VIDEO: NBC's Andrea Mitchell talks with The New York Times columnist Bob Herbert about Barack Obama and John McCain's positions on the war in Iraq.
“I think that raises questions as to his sensibility given what’s happening on the ground there now,” said Rep. Eric
Cantor (R-VA). “What sounded sensible a year ago -- at least to some” is not necessarily what’s right now or reflective of what’s happening on the ground, he continued.
Cantor, who has had his profile raised by mild rumors of his consideration as VP, warned, as have other Republicans, that pulling out at the wrong time could end up in a regrouping of insurgents or lead to an emboldened al Qaeda.

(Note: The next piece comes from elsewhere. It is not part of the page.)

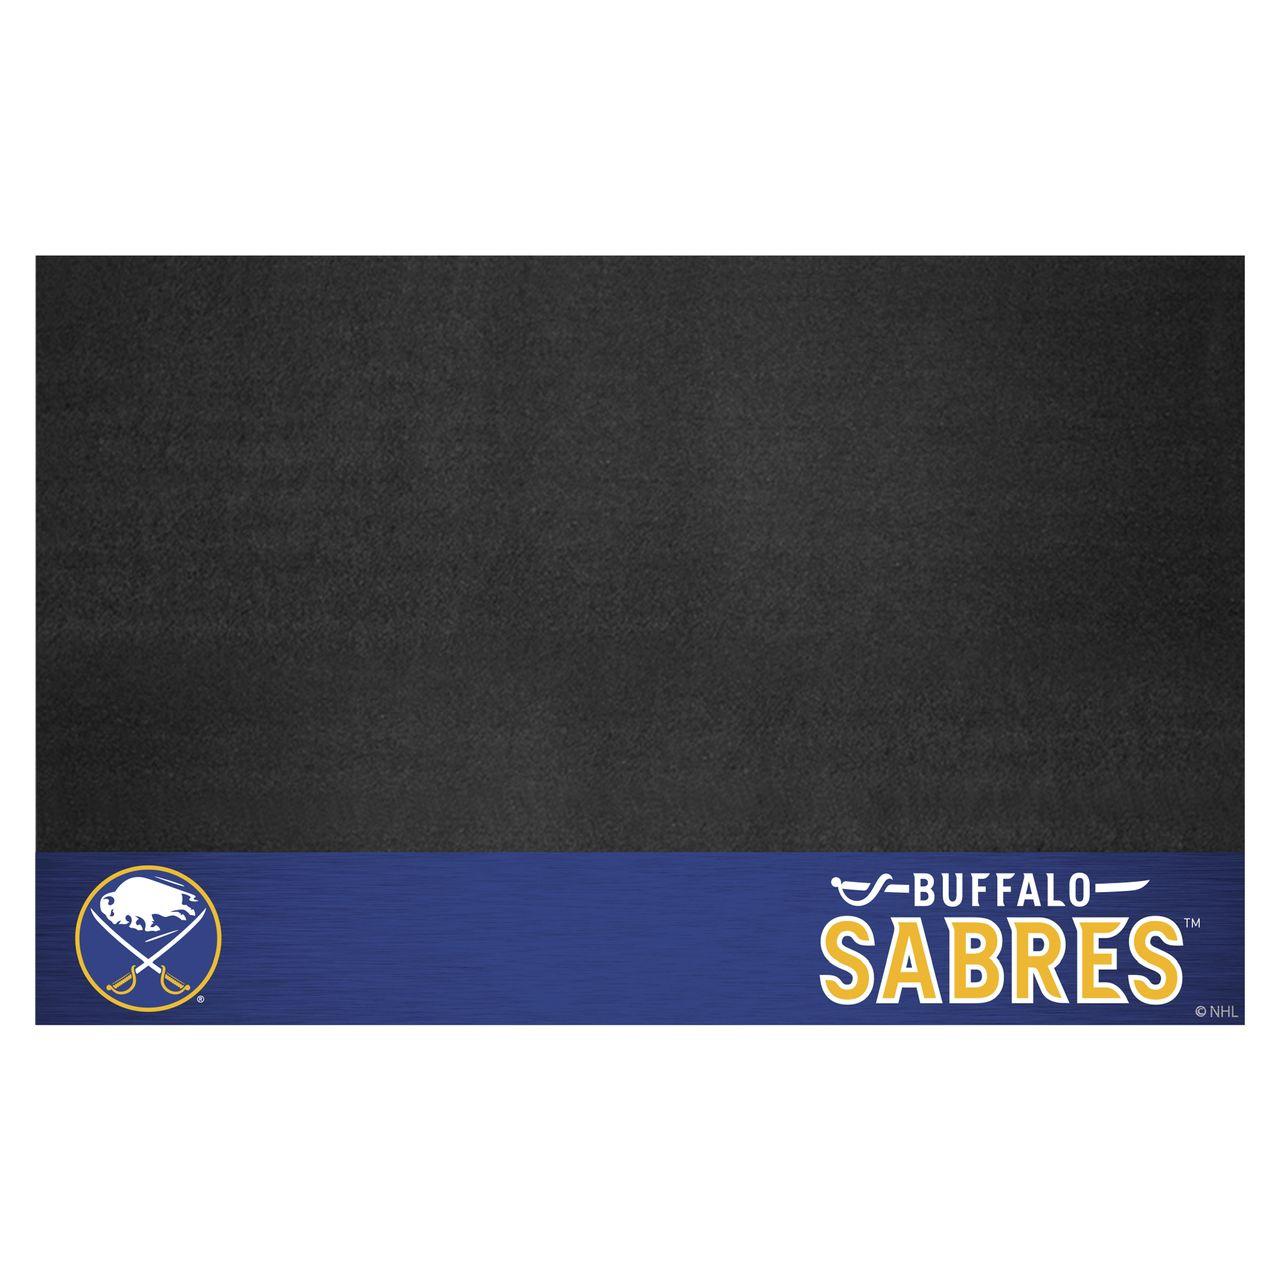 "Fanmats 14227 NHL - Buffalo Sabres Grill Mat 26""x42"""

“He’ll have to change it,” Cantor said of Obama’s policy, calling it an “ideological commitment” and pandering to the Left.
Asked by a reporter if the war is going so well, doesn’t it make sense to start withdrawing some troops now, Cantor replied this way, “Look, the decision on troop levels is the decision of the Commander in Chief. … That’s why I raise the question on Barack Obama’s intransigence on his Iraq policy.”

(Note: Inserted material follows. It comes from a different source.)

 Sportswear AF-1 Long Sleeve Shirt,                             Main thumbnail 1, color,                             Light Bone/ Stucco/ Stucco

“He needs a plan based on sustaining and improving” the situation, he said.
*** UPDATE *** The Obama campaign responds: "Throughout this campaign, Barack Obama has been clear and consistent in saying that we need to responsibly end the war in Iraq so that we can restore our military strength, finish the fight in Afghanistan and focus on the terrorists who actually attacked us on 9/11," Obama spokesman Tommy Vietor said in a statement. "Today, eleven months after Barack Obama called for more troops in Afghanistan, the Chairman of the Joint Chiefs of Staff supported that position while pointing out once again that the war in Iraq is shortchanging our effort in Afghanistan. Instead of questioning Barack Obama's consistent call for a new direction in Iraq and Afghanistan, John McCain should explain why he is offering nothing more than four more years of a failed foreign policy that has asked nothing of the Iraqi government, overstretched our military, failed to finish the job in Afghanistan, and failed to bring Osama bin Laden to justice for over six years."